Peut-on en trouver encore des neufs ? ou des sites d'occasion ? 
Merci


----------



## Invité (5 Juillet 2016)

Du Apple, ça sera d'occaz, du générique sinon si tu veux du neuf…


----------



## ammp (5 Juillet 2016)

Merci, oui du neuf de 2005 ... pas fastoche à trouver neuf ! vous auriez des sites d'occaz et du générique sous le coude ? 
Je vais quand même faire l'effort de chercher 
Merci encore, 
bonne soirée


----------



## Invité (5 Juillet 2016)

Le premier lien que j'avais trouvé (neuf, compatible) c'était sur le site de la Flac®, mais tu en trouveras bien d'autres…


----------



## ammp (6 Juillet 2016)

Invité a dit:


> Le premier lien que j'avais trouvé (neuf, compatible) c'était sur le site de la Flac®, mais tu en trouveras bien d'autres…
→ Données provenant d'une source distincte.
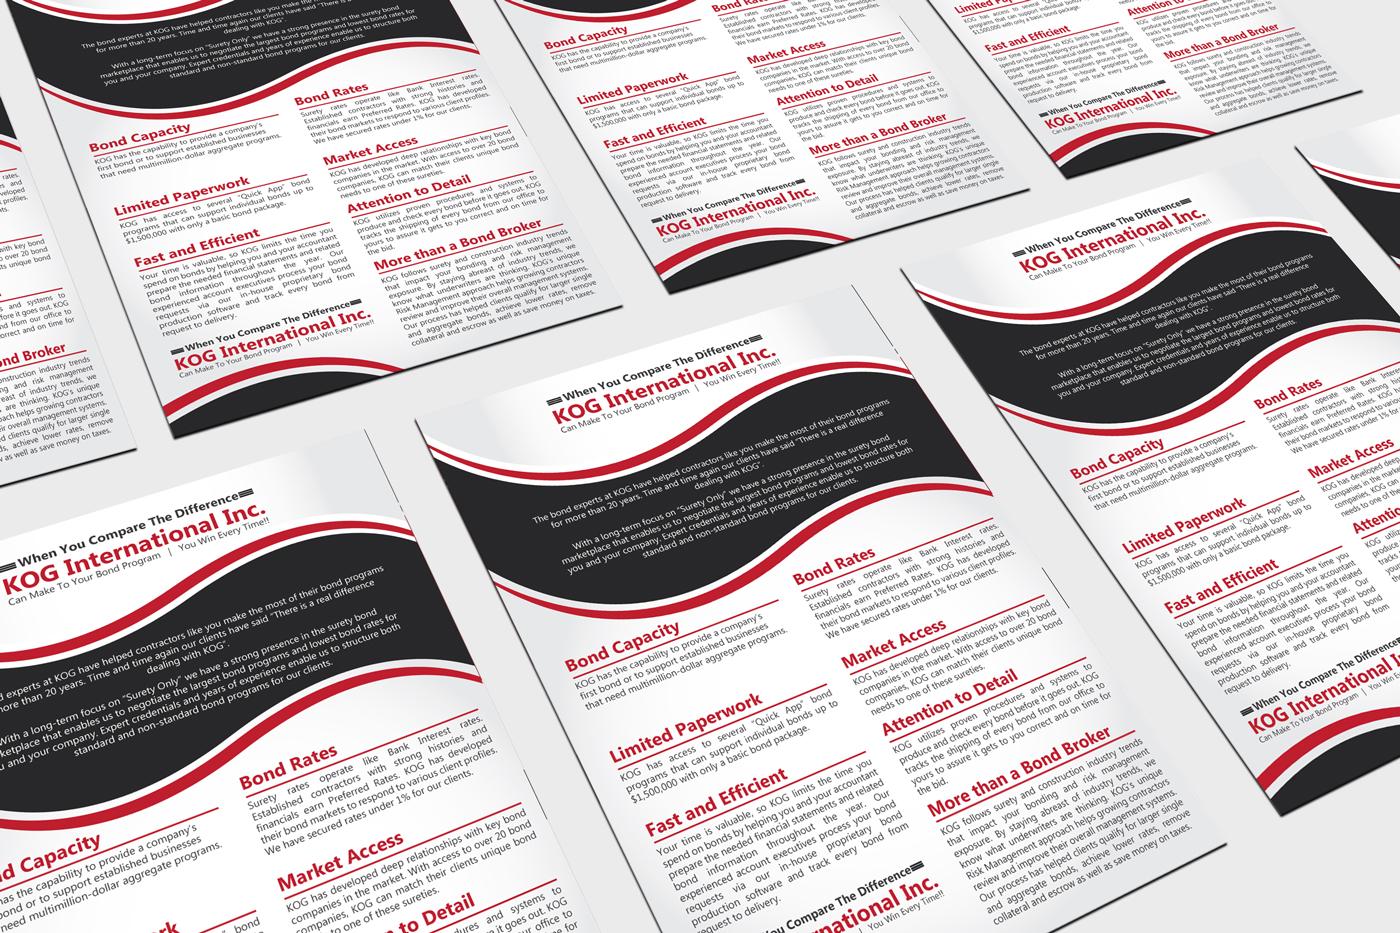 Elegant, Playful Flyer Design for a Company by Prism

Merci mais je ne connais pas le site de la Flac® ? pourriez vous m'en dire plus ou me joindre le lien !! désolée mais je ne suis pas fortiche dans le domaine  Merci encore et bonne journée à vous


----------



## daffyb (6 Juillet 2016)

Flac® = Fnac


----------



## voltfan (6 Juillet 2016)

Salut ! 

Si tu n'est pas pressé, regarde sur Ebay ou Aliexpress, tu y trouveras les meilleurs prix.
Par contre ça viendra directement de Chine donc il faut compter 3 semaines - 1 mois pour le recevoir


----------



## peyret (6 Juillet 2016)

ou ici (trop de choix ! et je sais pas à quoi il ressemble) :
https://www.amazon.fr/s/ref=nb_sb_n...s&field-keywords=alimentation+Powerbook+G4+15


----------



## ammp (16 Juillet 2016)

Je trouve vos messages, merci à tous de votre aide, je regarde ça. Une amie qui avait un power G4 12" m'a dépannée en me prêtant son cable un peu moins puissant mais ça marche en attendant que je commande.  Merci encore à tous de votre aide précieuse.
bonne journée.


----------